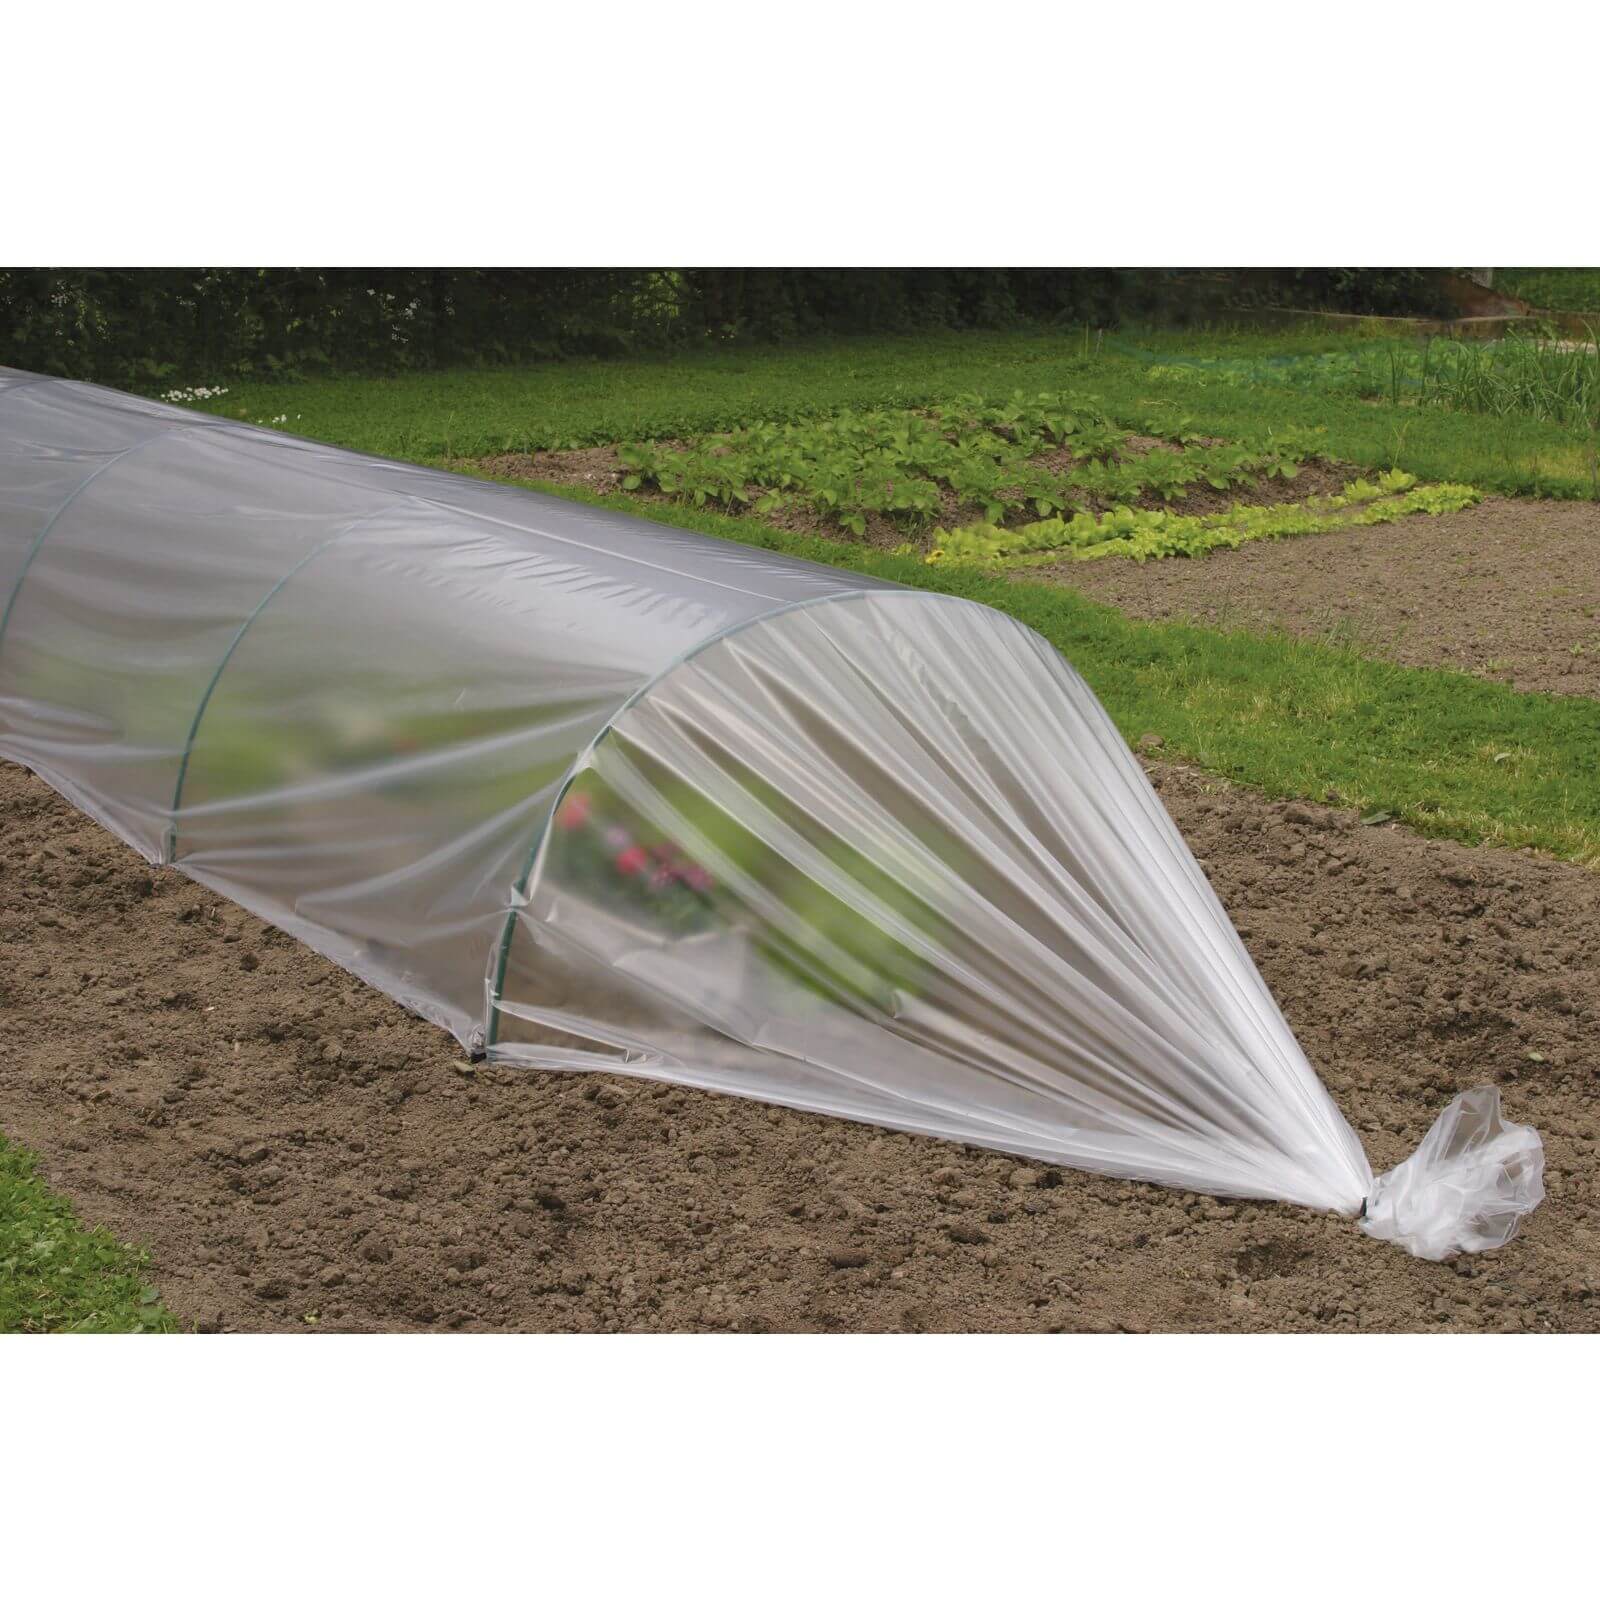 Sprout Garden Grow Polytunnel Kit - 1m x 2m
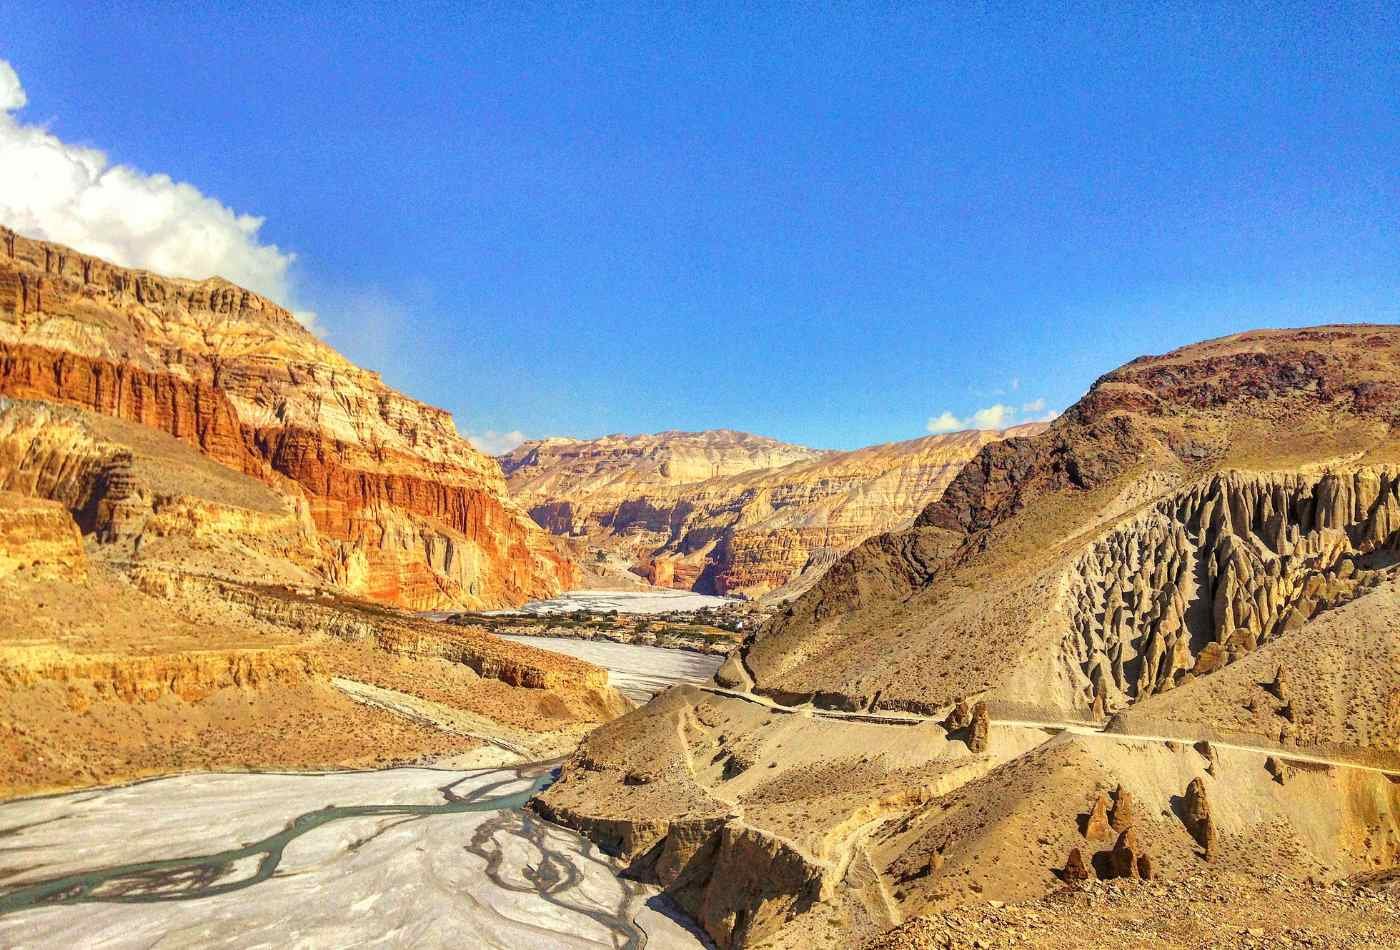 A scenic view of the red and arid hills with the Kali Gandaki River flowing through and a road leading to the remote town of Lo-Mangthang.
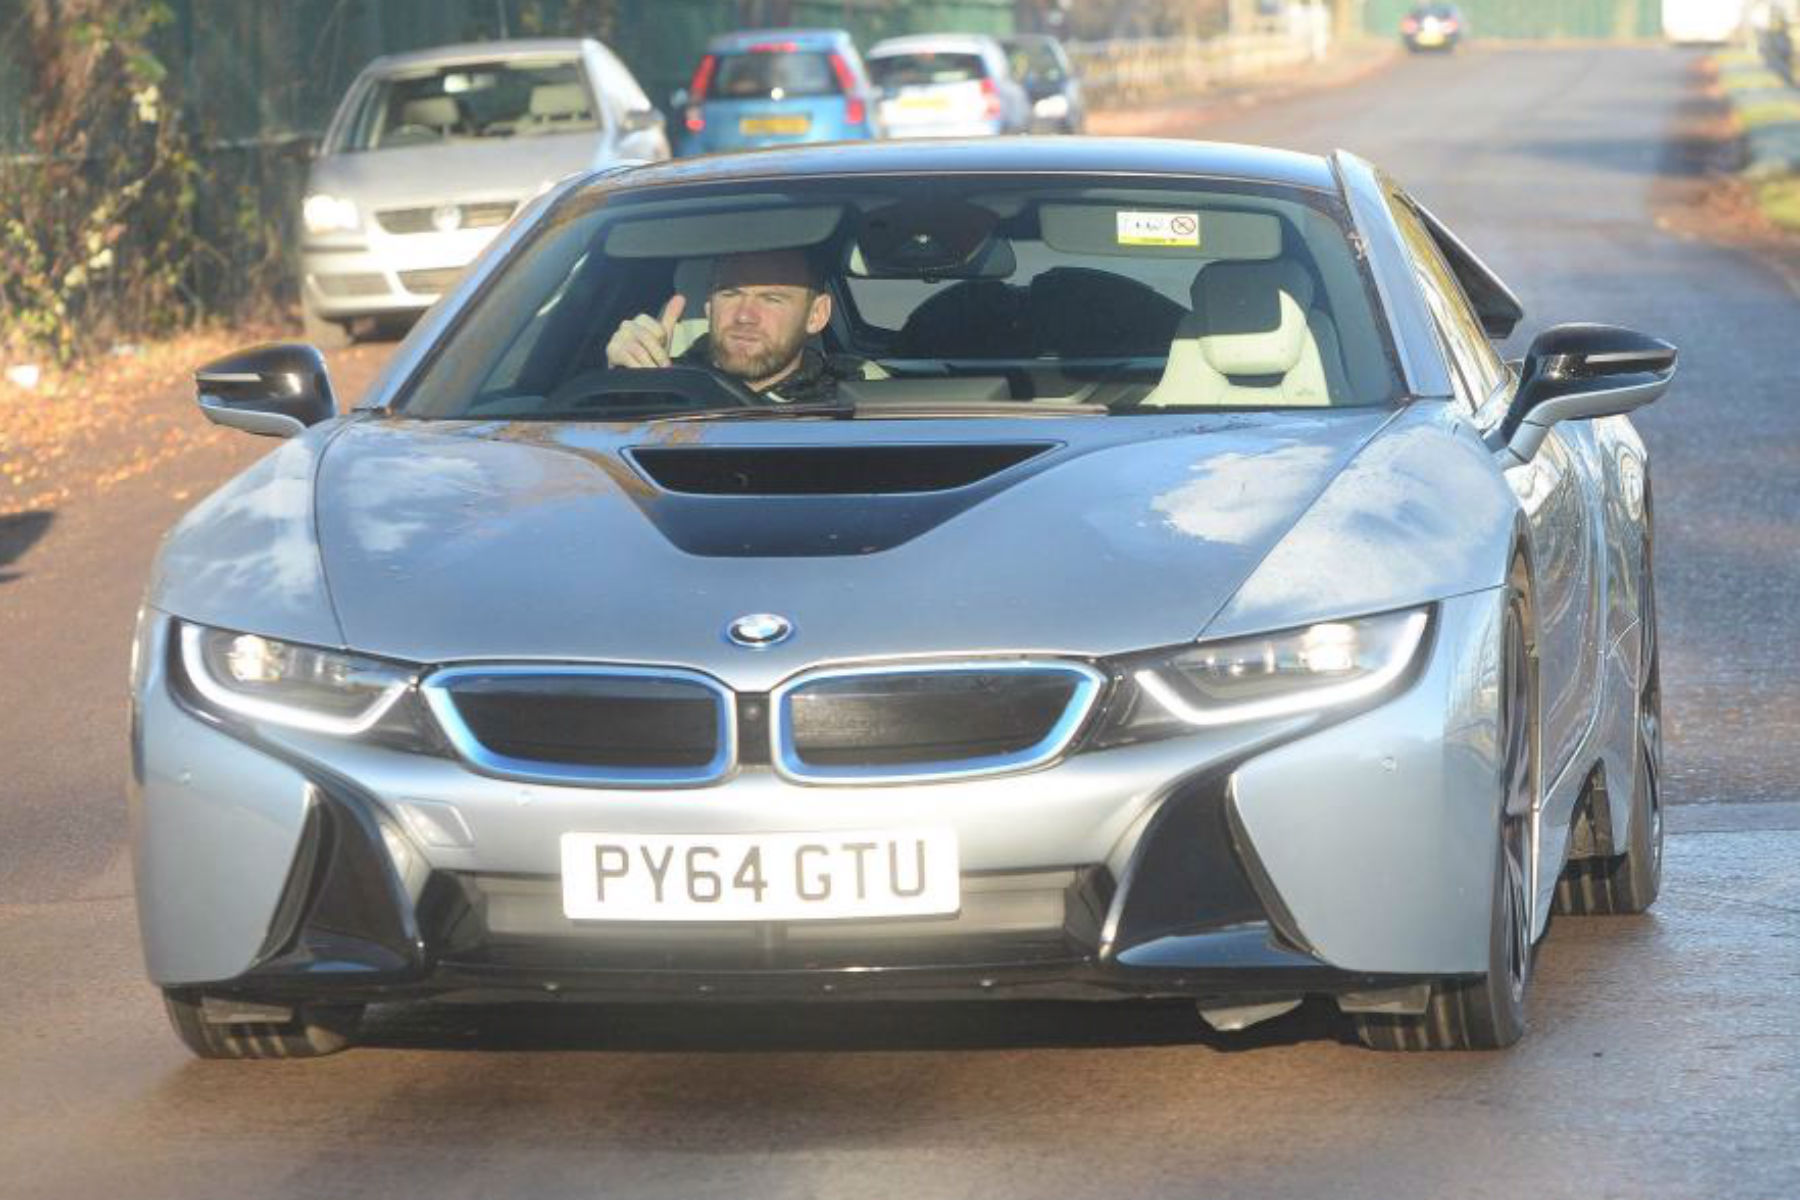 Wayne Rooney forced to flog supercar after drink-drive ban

★ ★ ★ ★

Task to complete:
Would you please transcribe the listing in full, exactly, while omitting the images?

Answer for the task:
 Sprout Garden Grow Polytunnel Kit - 1m x 2m
 A scenic view of the red and arid hills with the Kali Gandaki River flowing through and a road leading to the remote town of Lo-Mangthang.
 Wayne Rooney forced to flog supercar after drink-drive ban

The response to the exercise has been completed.